Along with the existence of extremist and instructional material - which was found by police at the homes of some of the men and included literature titled The Terrorist Handbook and The White Resistance Manual - the prosecution case relied heavily upon phone taps and police surveillance conducted between July 2004 to November 2005.
The 44-year-old was observed purchasing large amounts of ammunition, while on separate occasions four of the five men were said to have been in contact with a foreign-born Muslim cleric, who was also under police surveillance.
One of the men was overheard in conversation with the cleric, who said: "If we want to die for jihad, we do maximum damage ... damage to their buildings, damage to their lives."

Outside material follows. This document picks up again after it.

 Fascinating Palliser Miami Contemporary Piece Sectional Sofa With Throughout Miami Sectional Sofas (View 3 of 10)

But counsel for the 44-year-old man, David Dalton SC, told the jury the crown's case was weak and prejudicial, with notions akin to McCarthyism. "Do we have an attempt to murder? Do we have an attempt to commit a terrorist act? No, we don't. Do we have an agreement to commit a terrorist act? No, we don't.
"We have an agreement to do acts in preparation for a terrorist act. Do we know what the terrorist act is? No, we don't. We don't have an act. It is just some act, some speculative act. So we have an agreement to do acts in preparation for a speculative act. That is pretty tough, isn't it?"

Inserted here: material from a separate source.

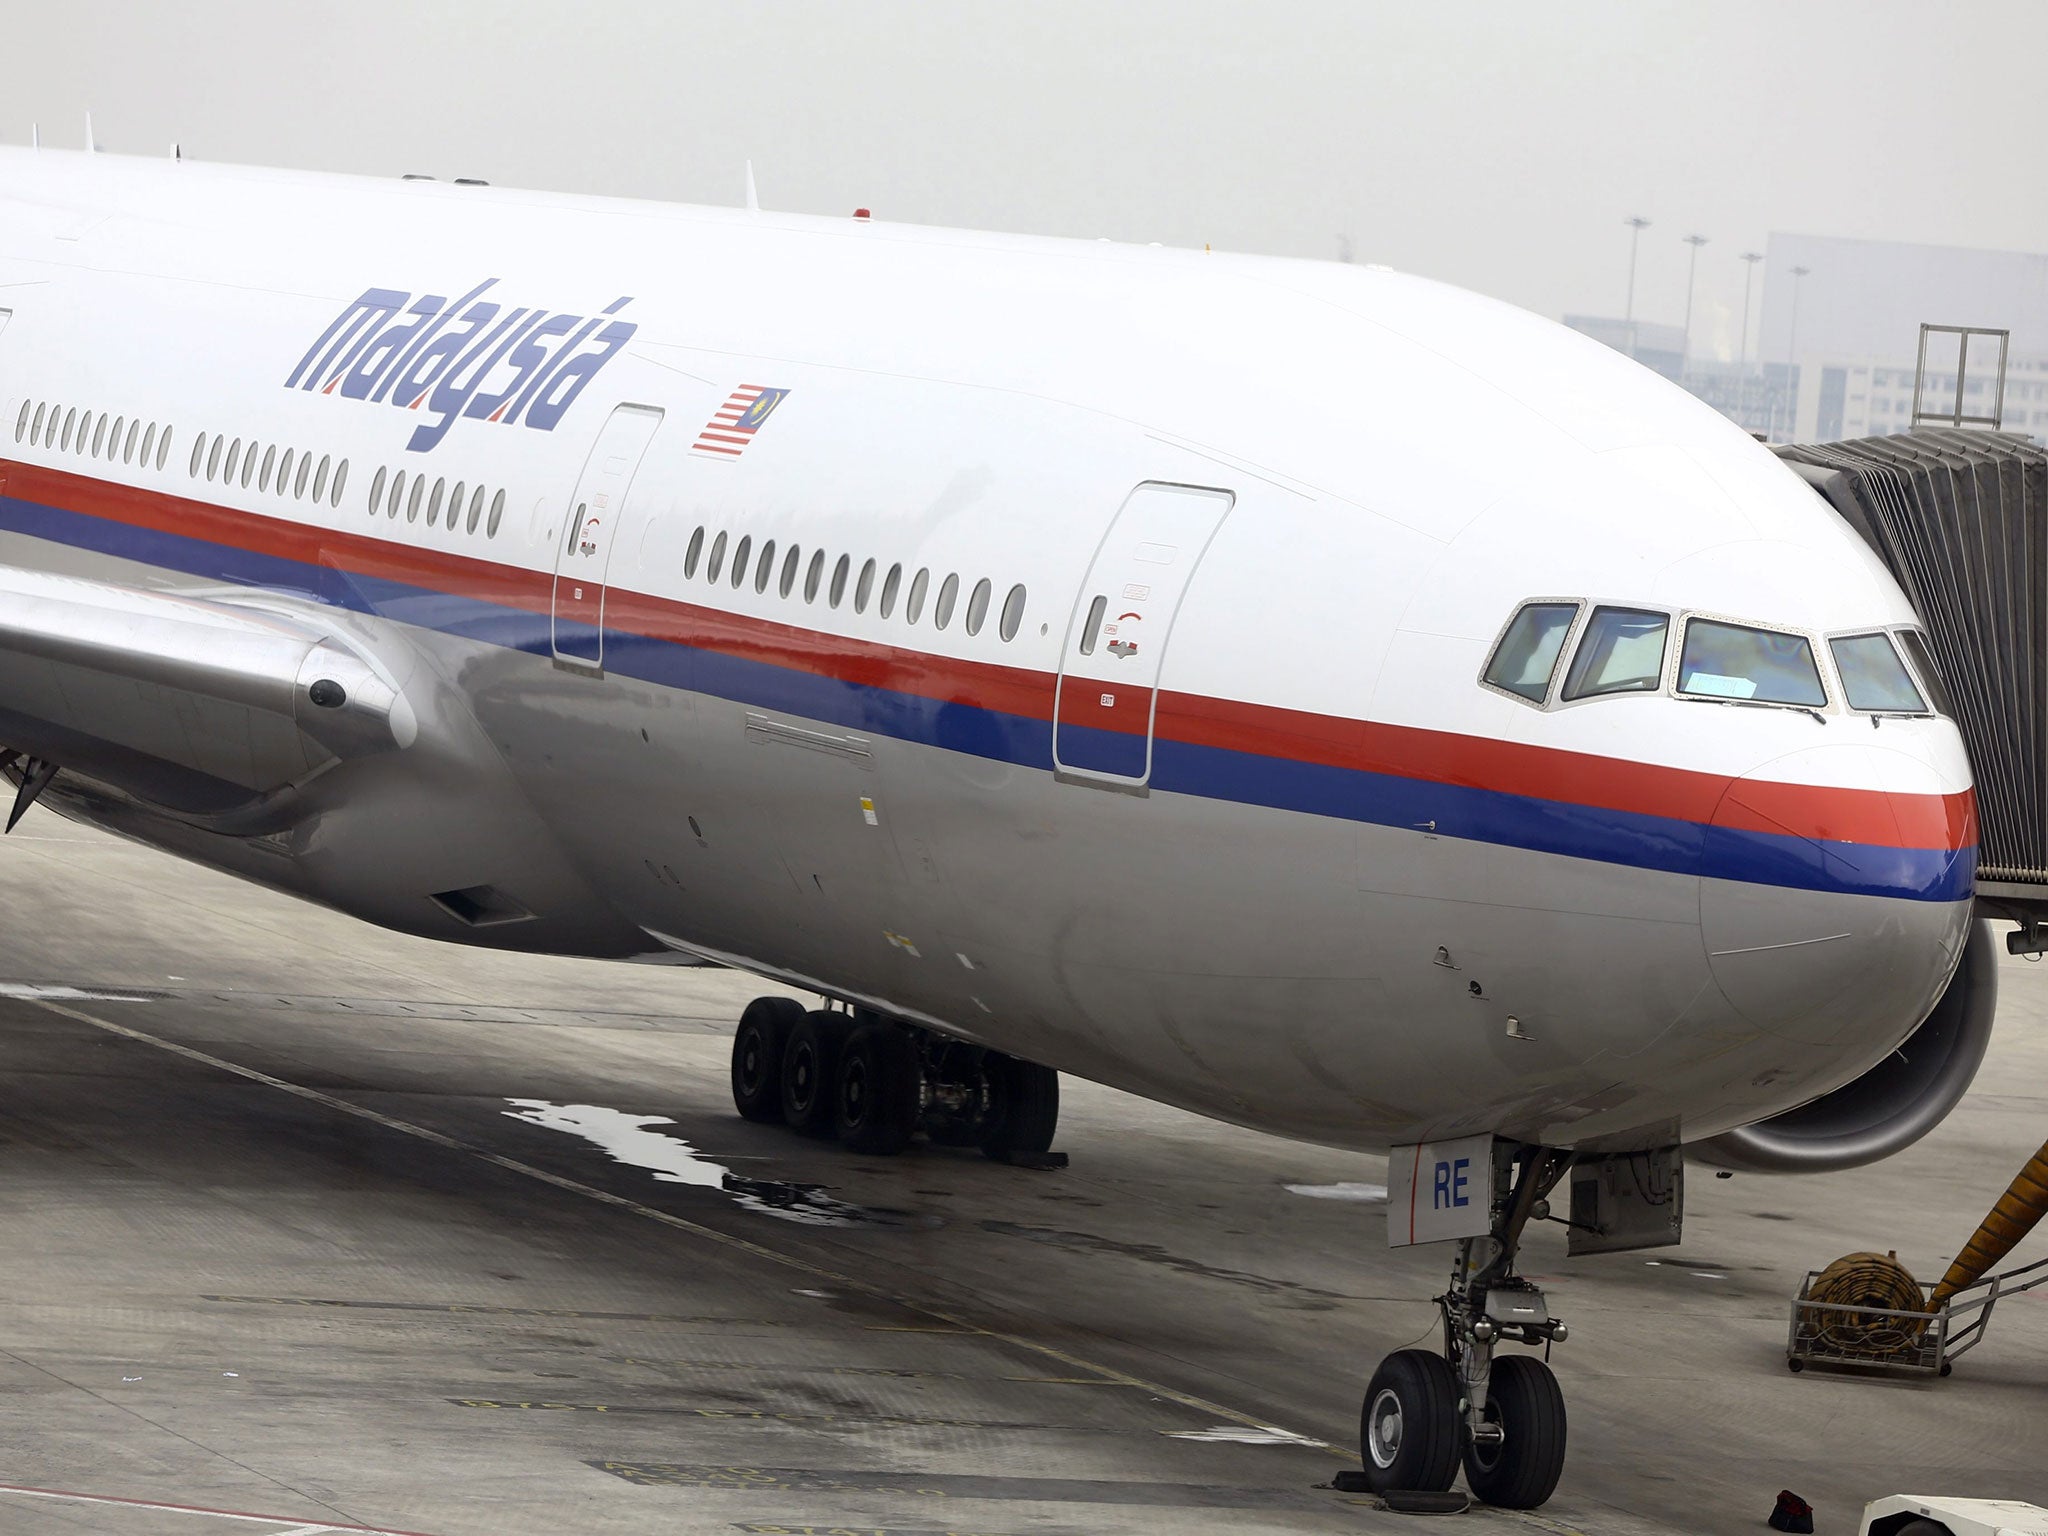 Even before the crash, Malaysia Airlines was a business in crisis

But Mr Maidment said the mindset of the group was exemplified by the reactions of two of the men when arrested. The jury heard that when the 36-year-old was arrested, he shouted: "Sharia law is going to prevail throughout this land. It is going to be ruled by it. All the lands is Allah's lands. Allah created it and he's given it to the Muslims and the Muslims are going to rule in it."
When the 25-year-old was arrested, he told police: "May Allah curse you, your children and your wives."
Mr Maidment said: "Those kind of sentiments ... betray a state of mind that is consistent with people who are prepared to do just what the crown has alleged; namely, to engage in preparation for the commission of terrorist acts involving the discharge of weapons or the use of weapons or the use of firearms or the use of the detonation of explosive devices, thus, threatening, property, lives and injury."
Mr Maidment said it was telling that even though the men knew they were under surveillance, they still "sought to obtain, in significant amounts, chemicals ... clearly for the purpose of making explosive devices". "It is only defiance ... that would have prompted them to do that, not caring ultimately whether they were caught or not, save that they wanted to avoid being caught, at least for so long as it took them to put their actions into effect."
They appeared defiant to the end. Yesterday, when the foreman read out the guilty verdicts, none of the five showed any emotion. Indeed, a couple of them smiled.